#### [EXERCISE AIM]
Transcribe the data that follows without changing a word, and omit the pictures.

#### [DATA EXCERPT]
%%

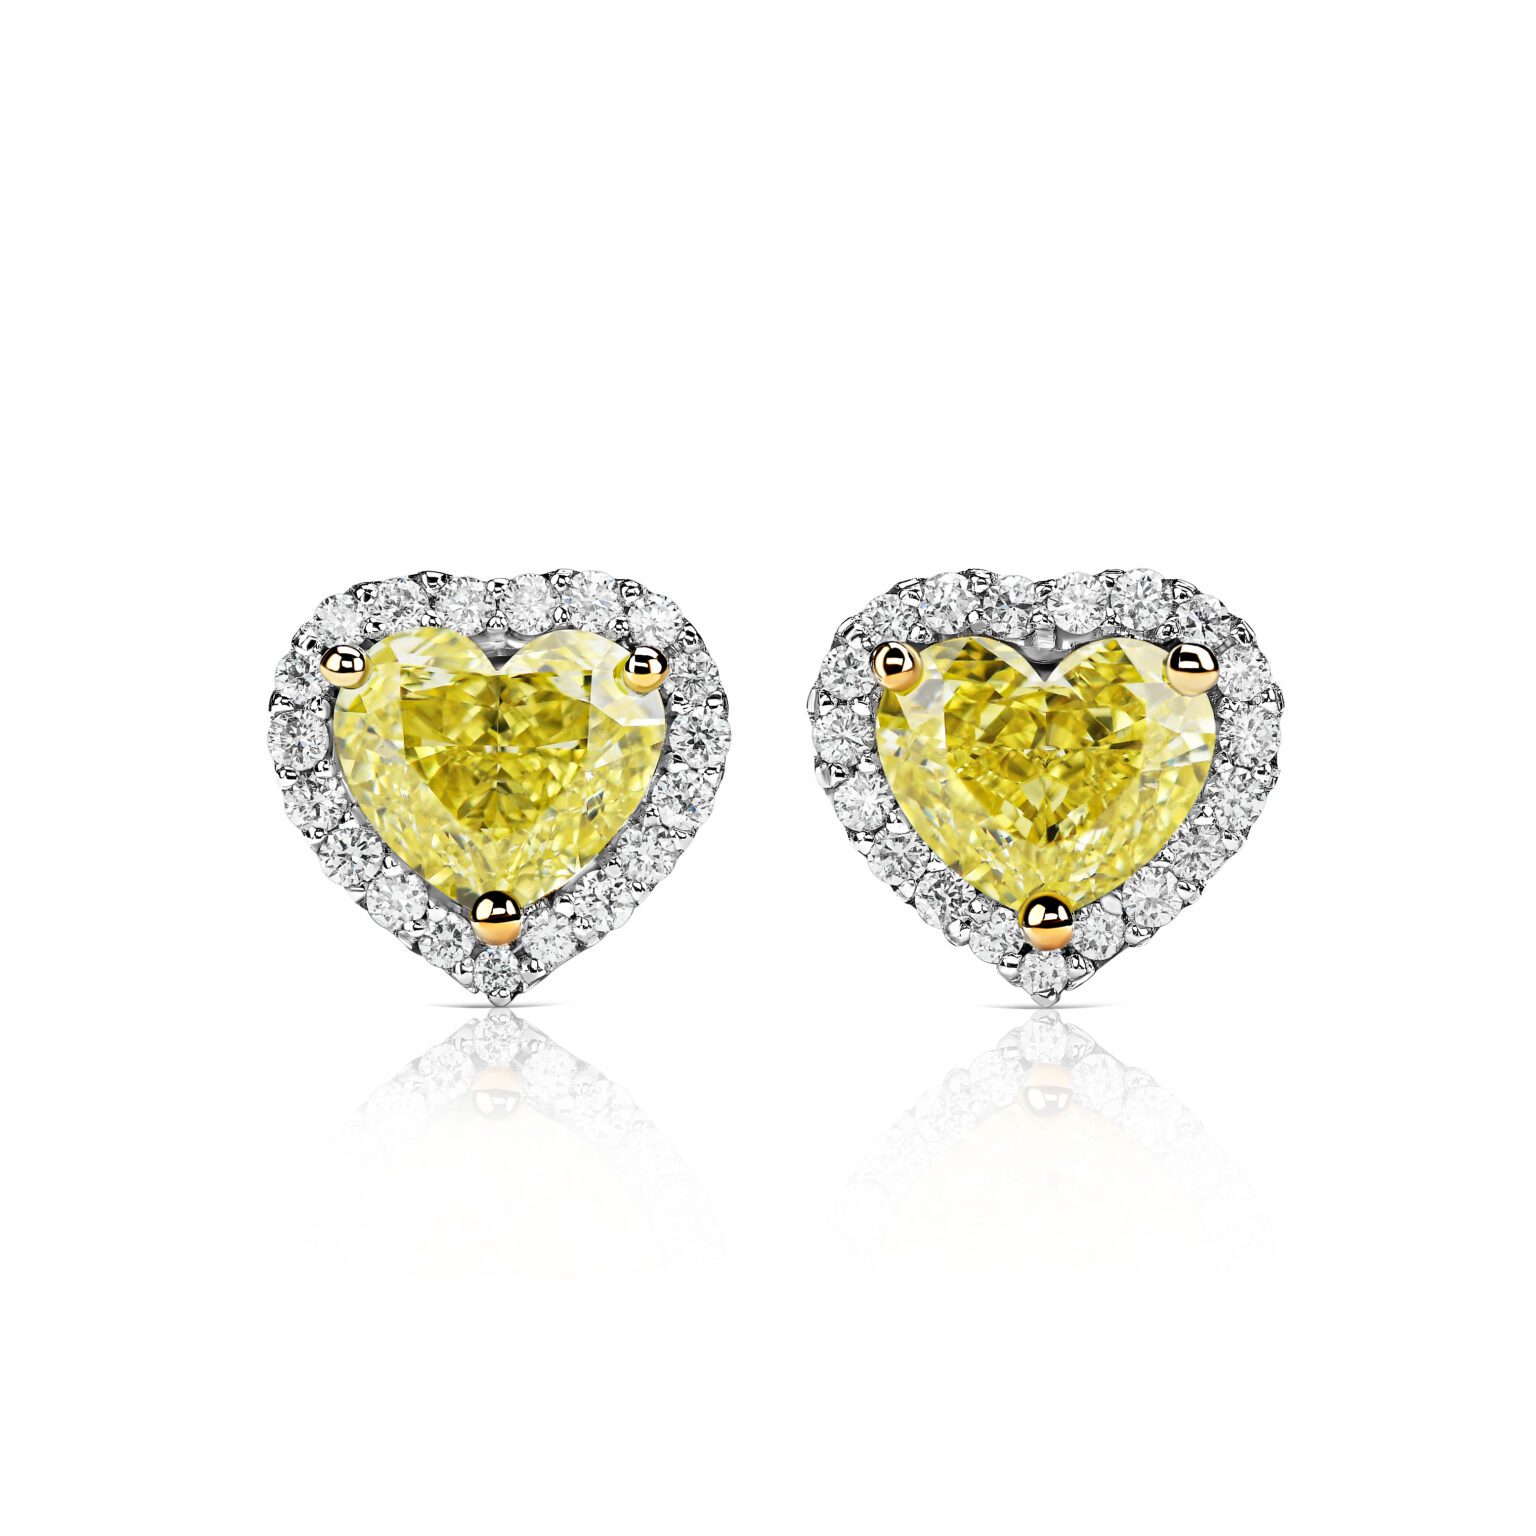 Yellow diamond stud earrings 1.09 ct
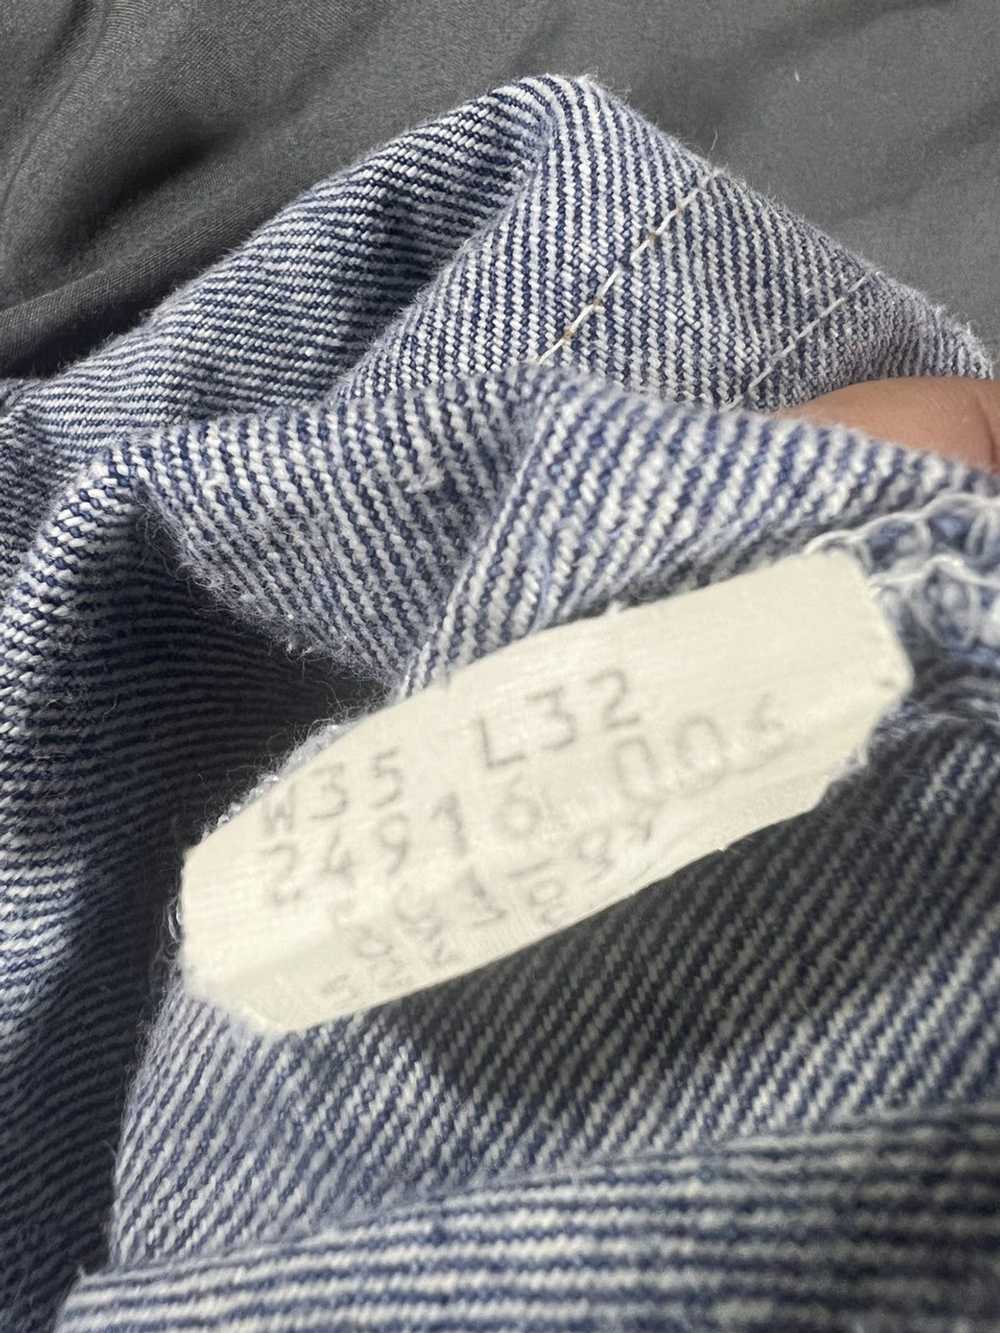 Levi's Levi’s 501 jeans - image 6
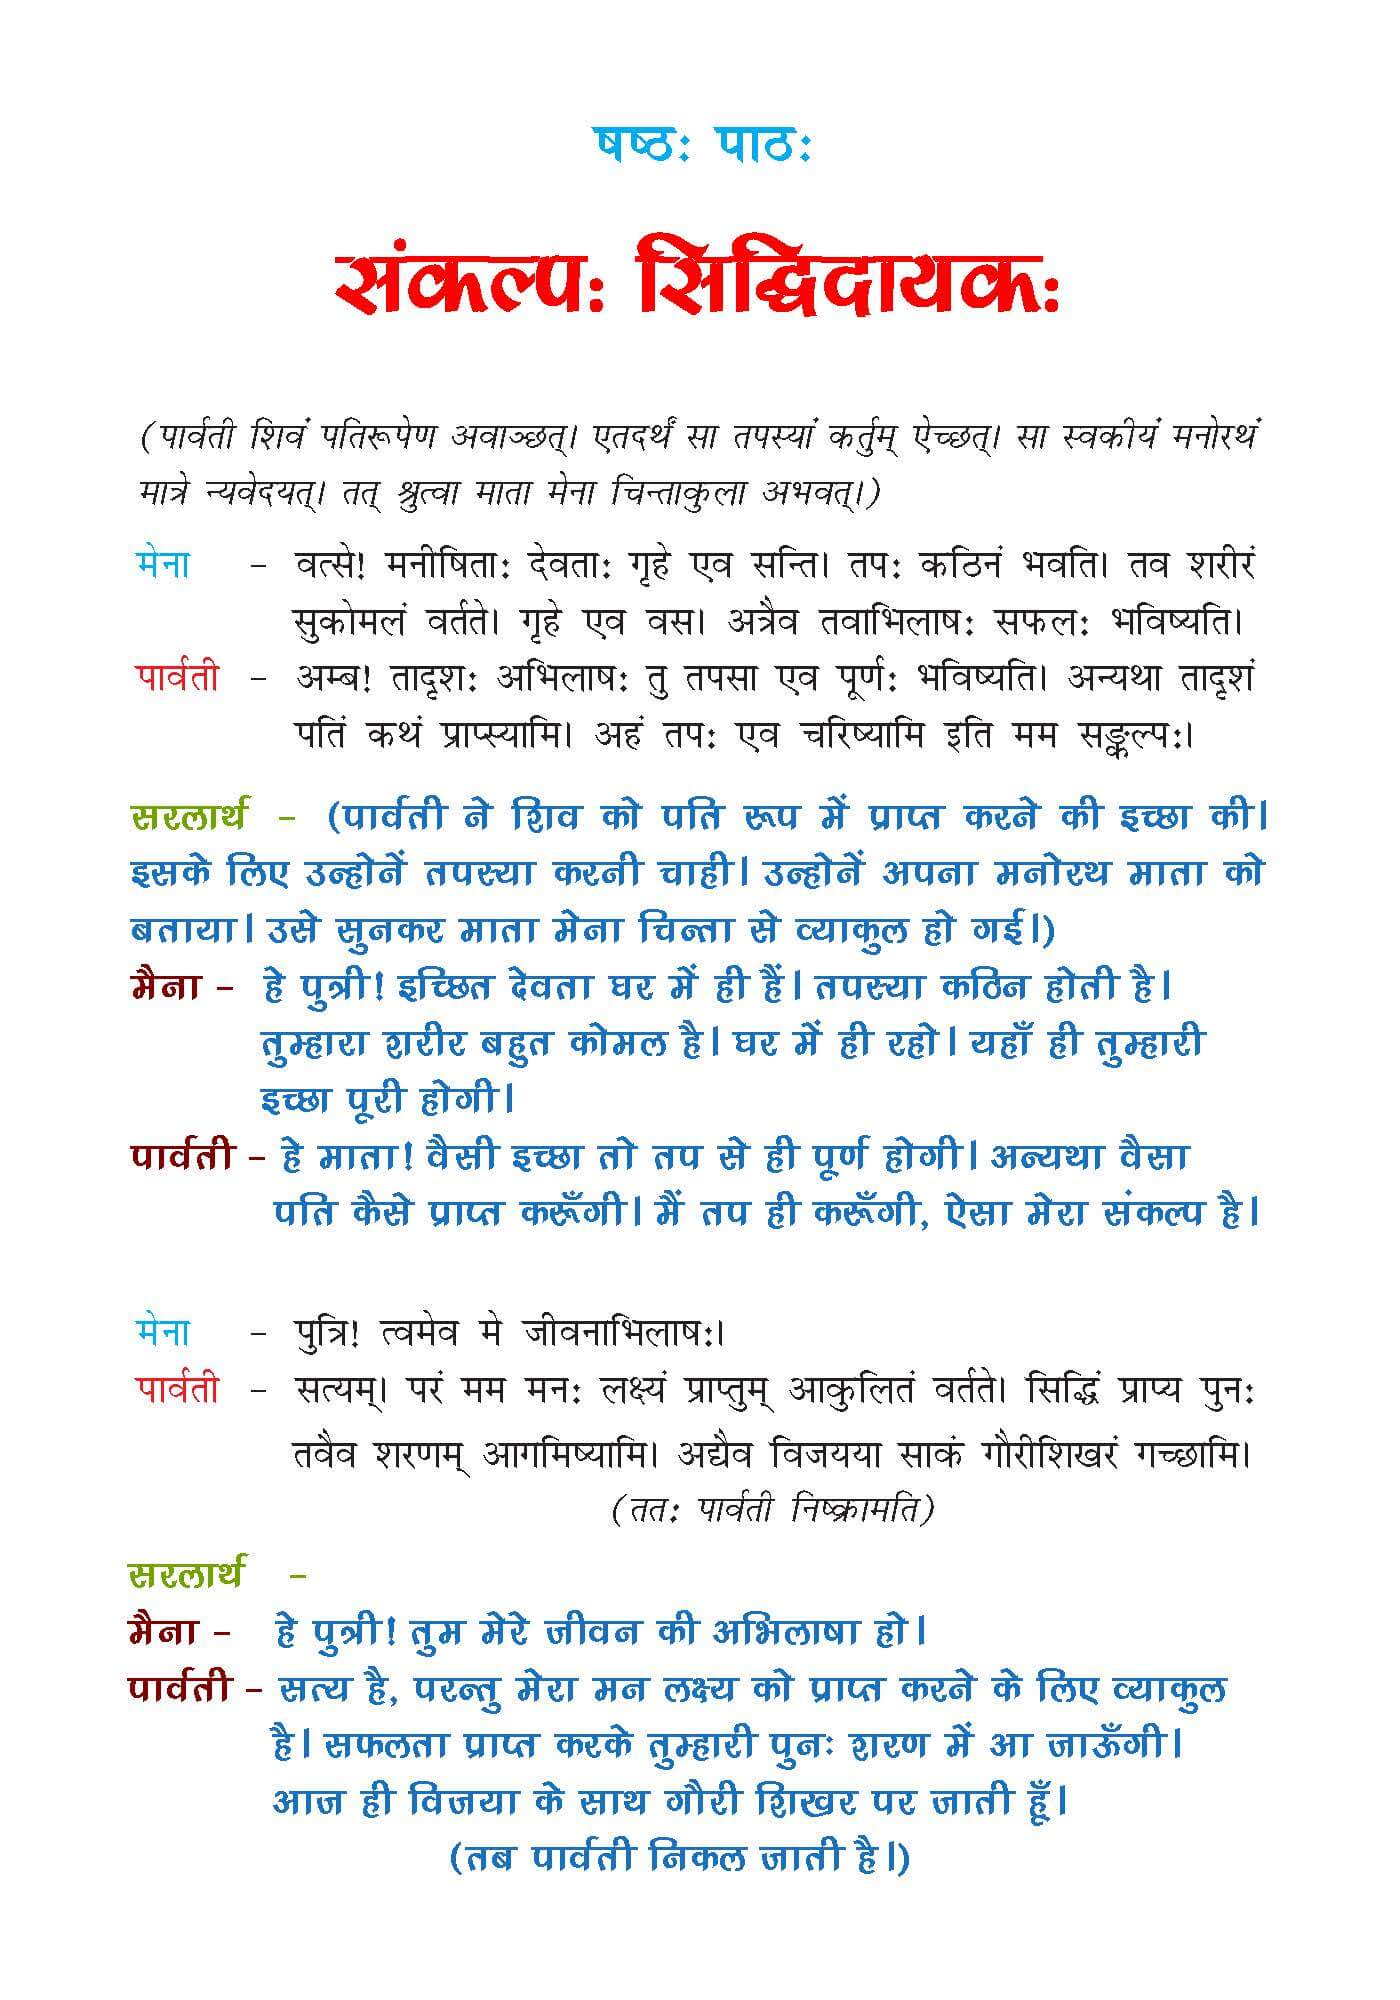 NCERT Solution For Class 7 Sanskrit Chapter 6 part 1

%%

#### [TASK ANSWER]
 Yellow diamond stud earrings 1.09 ct
 Levi's Levi’s 501 jeans - image 6
 NCERT Solution For Class 7 Sanskrit Chapter 6 part 1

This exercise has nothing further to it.